Ohio Default Litigation Case Law Update

Common litigation issues which a creditor may face are allegations of violations of RESPA, FDCPA as well as the Statute of Limitations.  Each of these imposes separate responsibilities and liabilities on the part of lenders, investors, services, and debt collectors.  However, these are very different, below is an update on recent cases involving these issues.

RESPA

The United States District Court for the Southern District of Ohio state of Ohio has recently issued a decision which diverged from the Ohio Supreme Court’s decision in Holden and instead found violations of RESPA, the FDCPA and that the Statute of Limitations of the note, which is six-years, barred a foreclosure of the mortgage. Baker v. Nationstar Mortgage LLC, 2018 WL 3496383

RESPA, which stands for the Real Estate Settlement Procedures Act of 1974 provides a mechanism for borrowers to request information relating to the servicing of a loan by submitting a Qualified Written Request or (“QWR”).  There are several requirements that a consumer’s correspondence must meet to constitute a QWR.  Once a valid QWR is received, then a servicer can respond in one of three ways.  (1) The servicer can make corrections to the account, (2) following an investigation, the servicer can clarify why the account is already correct, or (3) following an investigation, the servicer can provide the consumer with a written explanation or clarification that includes the requested information or explains why it cannot be provided.

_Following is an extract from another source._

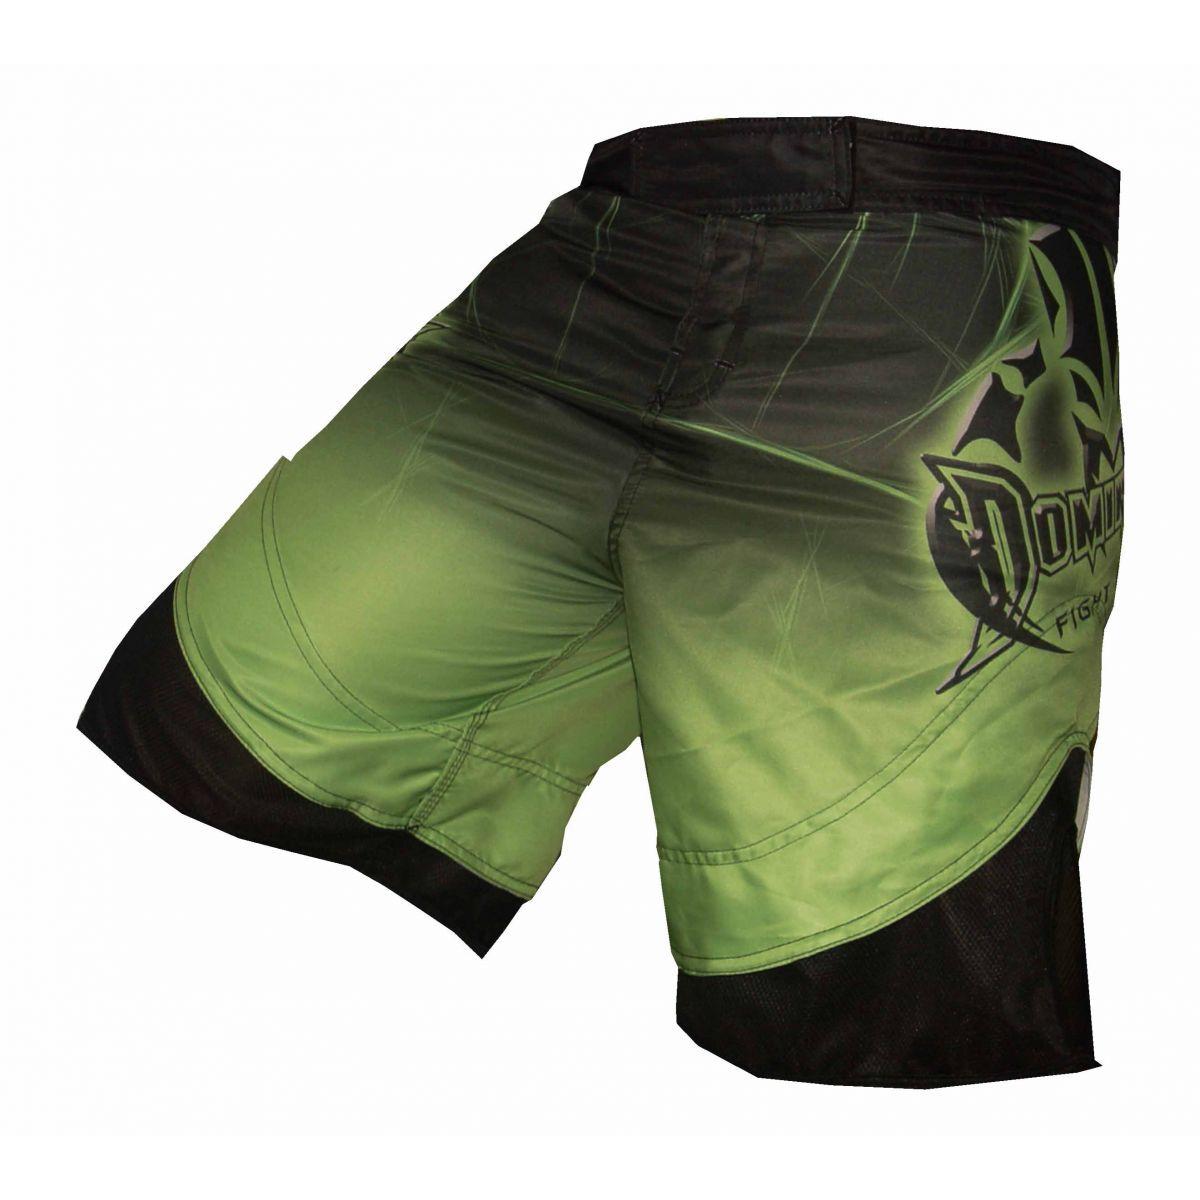 Bermuda MMA - Fightshort 2778VE - Preto/Verde -  Dominium -

Often at issue before the Court is whether the servicer received a valid QWR and what constitutes “servicing”.  If a servicer were able to demonstrate that a QWR did not relate to “servicing’ then, the servicer was often able to avoid any RESPA liability.  However, the Court in Baker held that the information sought by a consumer “need not relate to servicing to constitute a QWR and a servicer must fulfill its obligations … {under RESPA}… regardless of whether such information relates to the statutory definition of servicing.” Thus, “any request for information made with sufficient detail is enough under RESPA to be a QWR and thus to trigger the servicer’s obligations to respond.”  In addition, the Baker Court found that the servicer violated RESPA for failure to provide a thorough investigation when determining that information sought by a consumer is unavailable.

Statute of Limitations

Previously, the Ohio Supreme Court, in Holden has held that even if a Note is time-barred pursuant to Ohio’s six-year statute of limitations with respect to Notes, that a Mortgage could still be foreclosed as the Court found that there is a distinction between the remedies sought between a Note and Mortgage.  However, recently, in In re Fisher, 584 B.R. 185 (Bankr. N.D. Ohio 2018) that Court found that the six-year statute of limitations which controls the Note controls a cause of action to enforce the mortgage.

The Court in Baker rejects the decision in Holden and rather adopts the decision in Fisher and finds that if enforcement of the Note is time-barred pursuant to the statute of limitations, then enforcement of the mortgage is also time-barred by the same six-year statute of limitations.

FDCPA

Lastly, the Court in Baker found that communications which were sent by the servicer on a debt which is time-barred are violations of the Fair Debt Collection Practices Act, FDCPA. While many Courts have held that the expiration of the statute of limitations does not invalidate a debt, rather it merely renders it unenforceable.  The FDCPA does permit voluntary repayment of a time-barred debt, so long as the debt collector does not initiate or threaten legal action in connection with the debt.  In this case, the Court found that the communications in question threatened legal action and thus violated the FDCPA.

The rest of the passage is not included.